The village gives its name to Ketton stone, a limestone which is quarried locally and is used in many buildings in the village and elsewhere. Some areas of former quarrying, Ketton Quarries, are a Site of Special Scientific Interest, maintained by Leicestershire and Rutland Wildlife Trust.

The limestone is used to make cement. Ketton Cement Works opened in 1928 and by November that year the number of staff had risen to 250. The plant, owned by Hanson Cement (now part of HeidelbergCement), meets more than 10% of the UK demand for cement.

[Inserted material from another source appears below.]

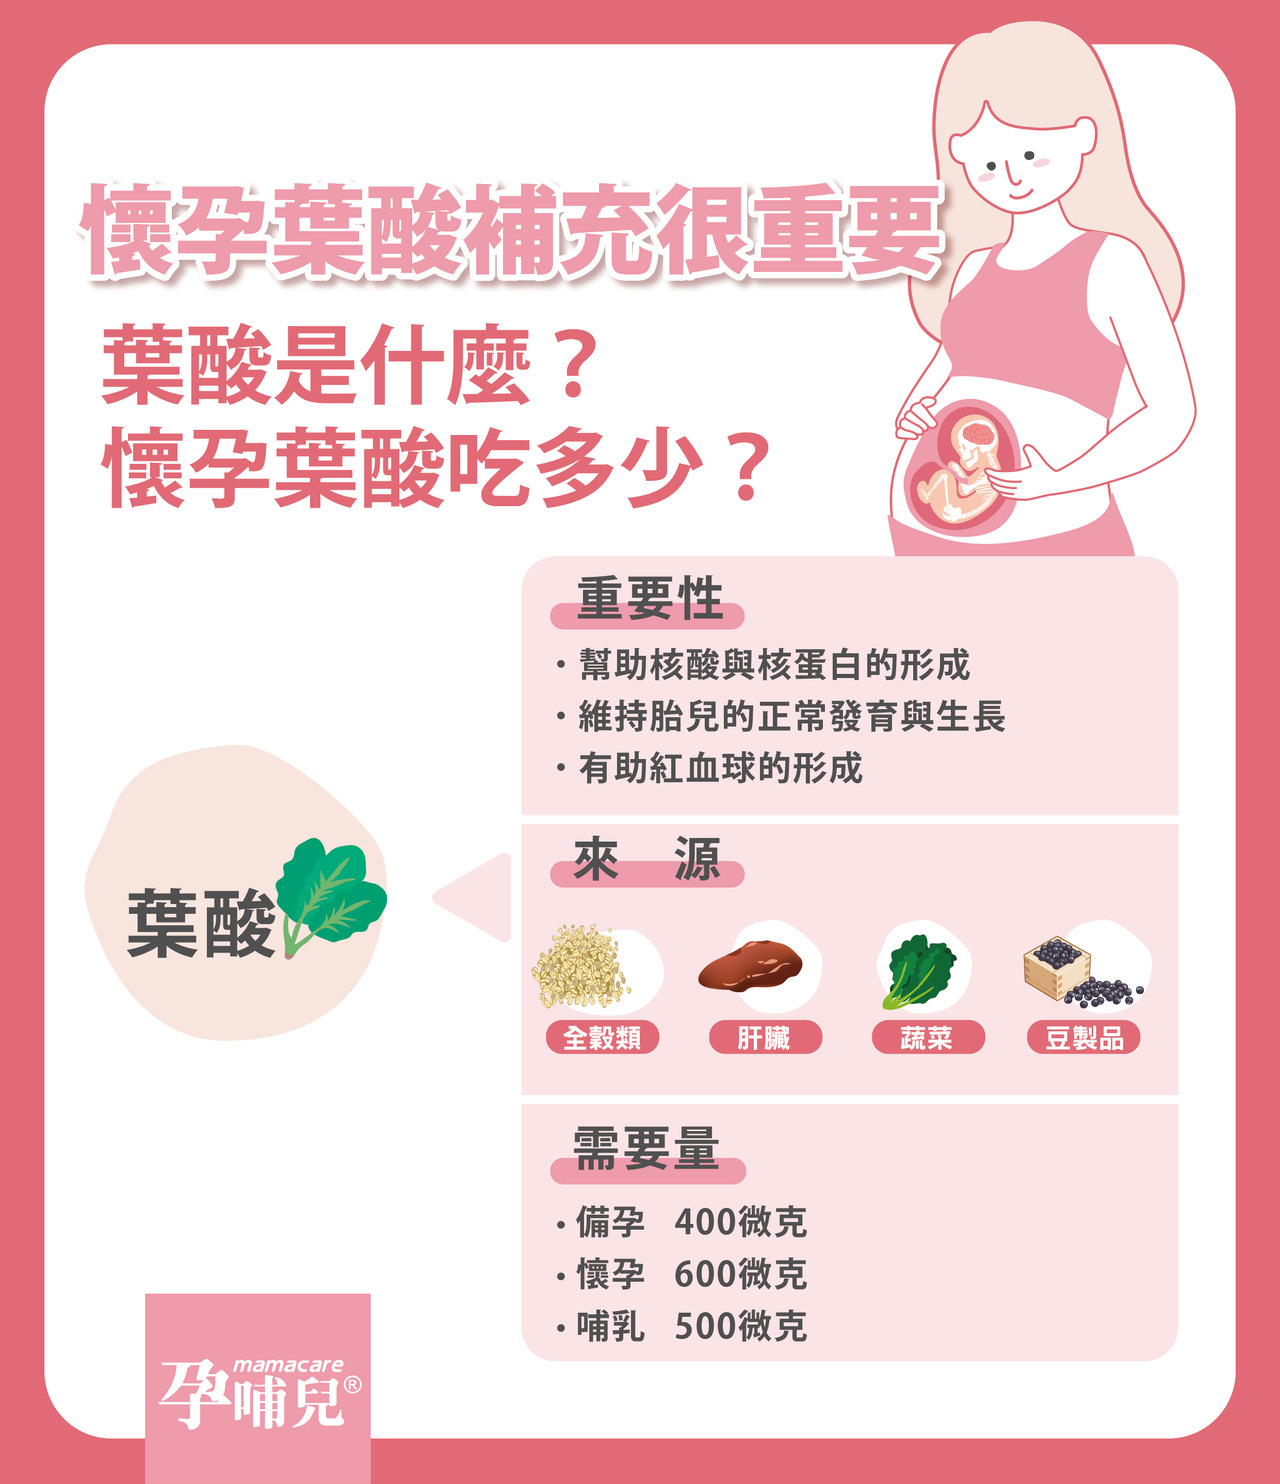 懷孕葉酸補充很重要   葉酸是什麼?懷孕葉酸吃多少?

==Renewable energy in Ketton==

In 2013 Lark Energy built a solar power farm on land reclaimed from a 1940s quarry. The second phase was opened in 2015 by Secretary of State for Energy Amber Rudd. The solar farm provides 13% of the cement works' annual energy consumption.

In 2004 Rutland County Council planning committee resolved to approve a planning application for one wind turbine on land adjacent to the cement works off Steadfold Lane in Ketton. However, issues surrounding fast jets flying from RAF Cottesmore meant that a planning permission was never granted.

A proposal from REG Windpower to install two wind turbines near Steadfold Lane was withdrawn in August 2012.

==Transport==
Ketton is served by buses on the service between Stamford and Uppingham. Ketton and Collyweston railway station closed in 1966.